Demonstrating that he’ll do almost anything to get out of South Bend, Indiana, Mayor Pete Buttigieg, who is planning to dress in full desert camouflage, will spend most of his allotted time playing the concert grand piano and singing his favorite Edith Piaf songs, thereby evoking the sound of cascading waterfalls (which are in danger of disappearing due to the Ford Motor Company) and showcasing his ability to speak French. His set begins at 10 p.m.
Former Texas Rep. Beto O’Rourke will appear with CNN’s Don Lemon at 10:40 p.m. Beto, who discovered the aforementioned family of toads living in the natural squalor of West Texas while campaigning for the Senate against the self-proclaimed super-Christian Ted Cruz, will try to convince Lemon, who is inexplicably afraid of warts, to pet the little toad who goes by the name Mike Pence. Beto will also talk of his love of frogs, which he sees as kind of a French thing as long as there’s enough garlic and butter.
The evening concludes with the introduction of New Jersey Sen. Cory Booker at 11:20 p.m. Booker has indicated that his solution to climate change would be that we rid the planet of livestock—especially cows, whose methane-laden farts are destroying the planet at about the same rate as NASCAR races. Booker, despite his admitted weakness for chicken, is a vegan, which by definition labels him as untrustworthy, and he wants us all to do the moral thing and live on raw kale and tofu pizza.
Or chicken. Maybe. But only because nobody has ever heard a chicken fart. I could be wrong about that, actually.
Chicken poop, while lacking the necessary gases to matter much to the environment, is a known cause of ocular histoplasmosis, a fungal disease of the lung that moves to the eye and can cause blindness, as can many other things.
Now you see how the toads, Biden and the French figure into our ecological future. Or not. Invest in scuba equipment, just in case.

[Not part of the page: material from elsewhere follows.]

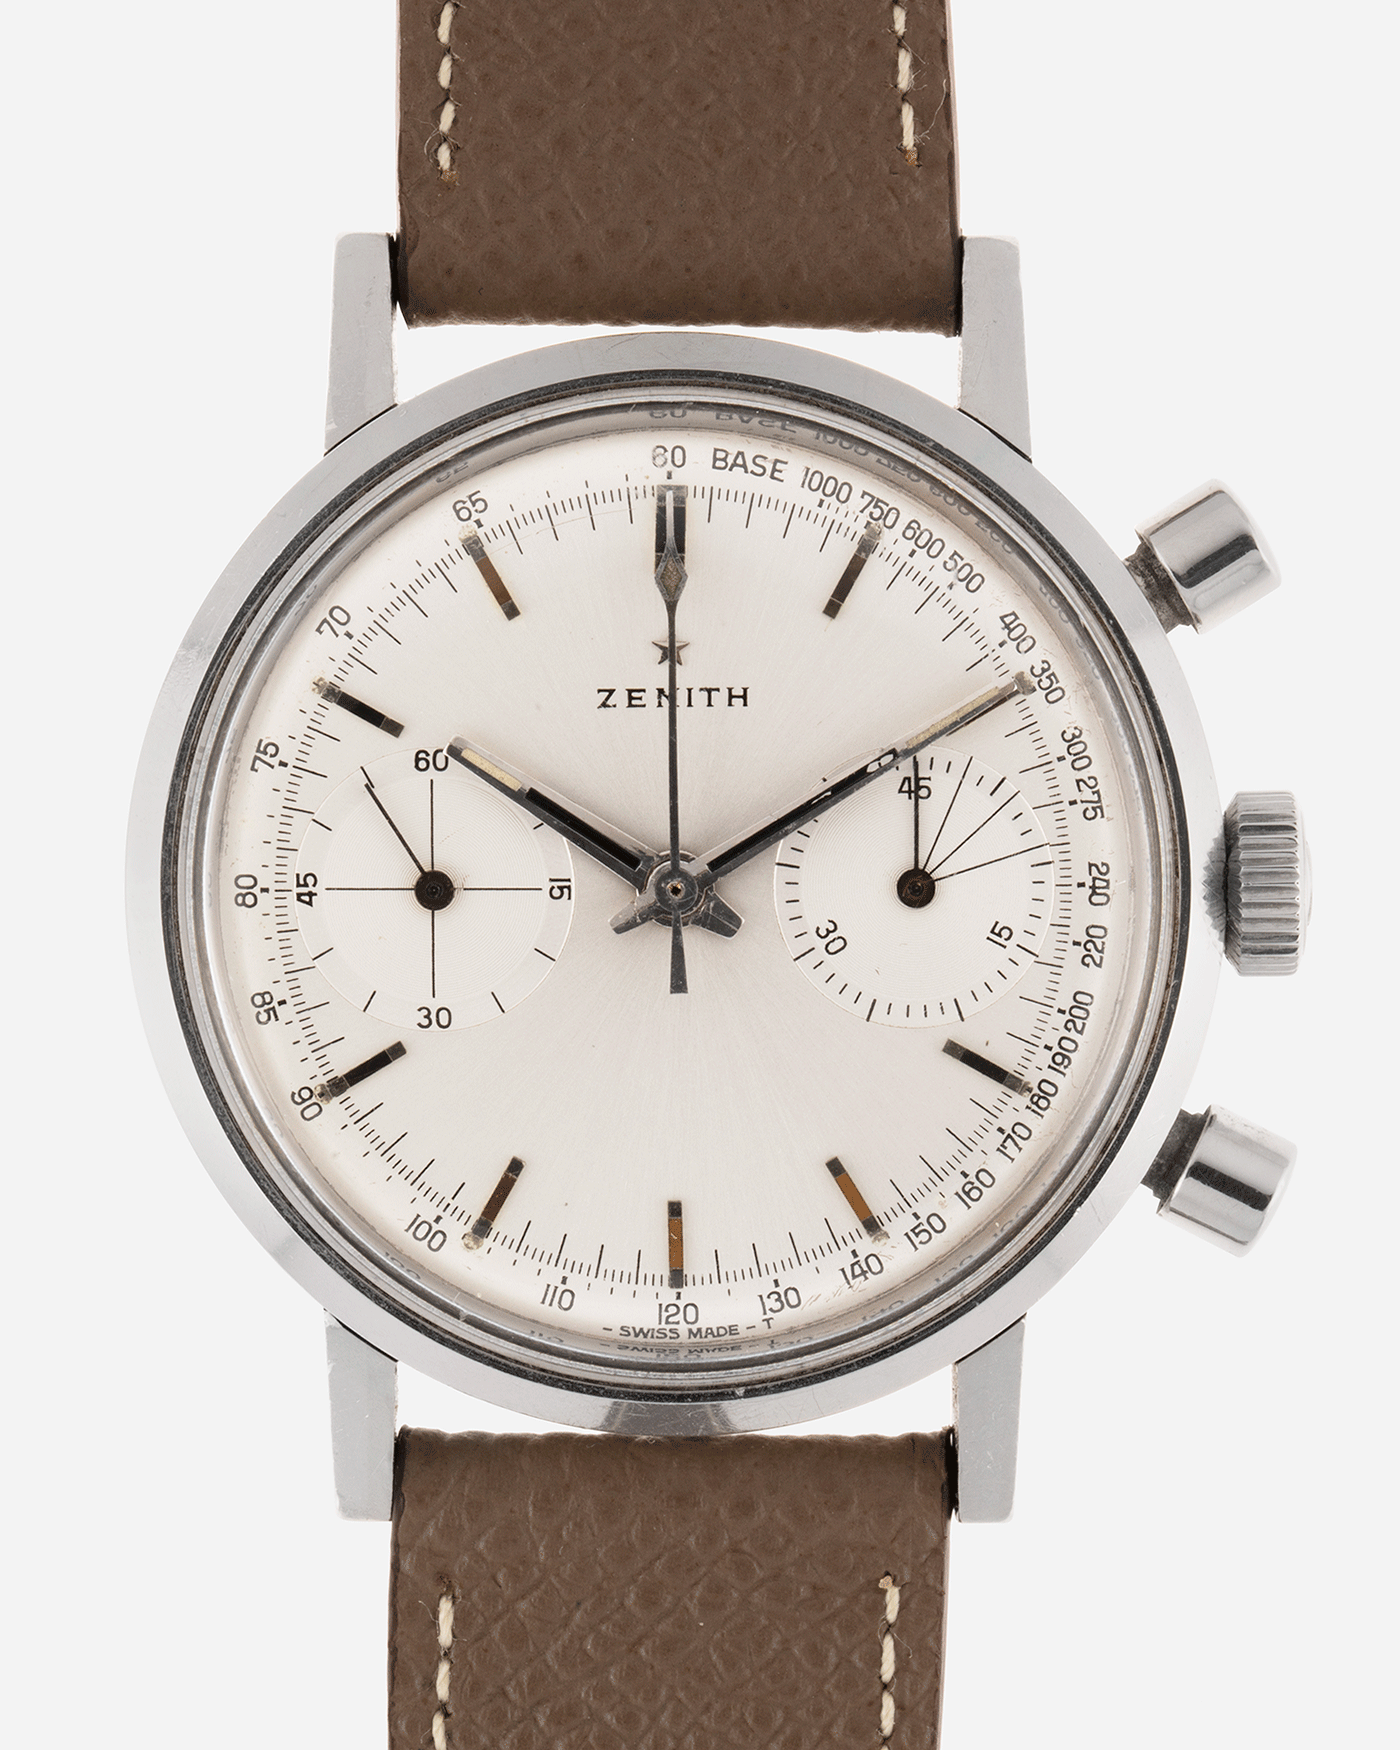 Brand: Zenith Year: 1960’s Model: A271 Reference Number: A271 Material: Stainless Steel Movement: Cal 146DP Case Diameter: 37mm Lug Width: 19mm Strap: Nostime Taupe Grained Calf

Photography by Courtney A. Liska
Ah, Jim, what fun this was to read. Welcome back!
I’d say we reconnected just in time, though I challenge your NASCAR/cattle comparison, even though I’d expect nothing less from a Montanan.
Who knows about chicken farts, though I suspect that all animal digestive systems emit some gaseous compounds.
I do know that in Chesapeake Bay country where I currently emit most of my gaseous compounds chicken shit and urine is a major pollution problem.
But so do most things in our modern age seem to be.
Thanks.
I wouldn’t have a clue about the NASCAR/cattle thing. I make this shit up. But I do suspect you’re right!
So happy that you’re back.
Hilarious. Better than Bill Bryson…well maybe. It’s hard to match his reference to Iowa (his home state) as The Lost Continent.
One of my favorite McLuhan quotes is “All media exist to invest our lives with artificial perceptions and arbitrary values.”
By the way, at 82, I was of voting age in 1960. Although I’m approaching my “do not use beyond” date, I do remember watching the Nixon/Kennedy debate. It didn’t change my mind. I had already decided to vote for the handsome guy with the Cape Cod tan.
Vis-a-Vi’s bovine emissions, I recall this conversation from Mad Max: Beyond the Thunderdome…
Aunty Entity:
We call it Underworld. That’s where Bartertown gets its energy.
Max:
What, oil? Natural gas?
Aunty Entity:
Pigs.
Max:
You mean pigs like those?
Aunty Entity:
That’s right.
Max:
Bullshit!
Aunty Entity:
No. Pig shit.
Max:
What?
The Collector:
Pig shit. The lights, the motors, the vehicles, all run by a high-powered gas called methane. And methane cometh from pig shit.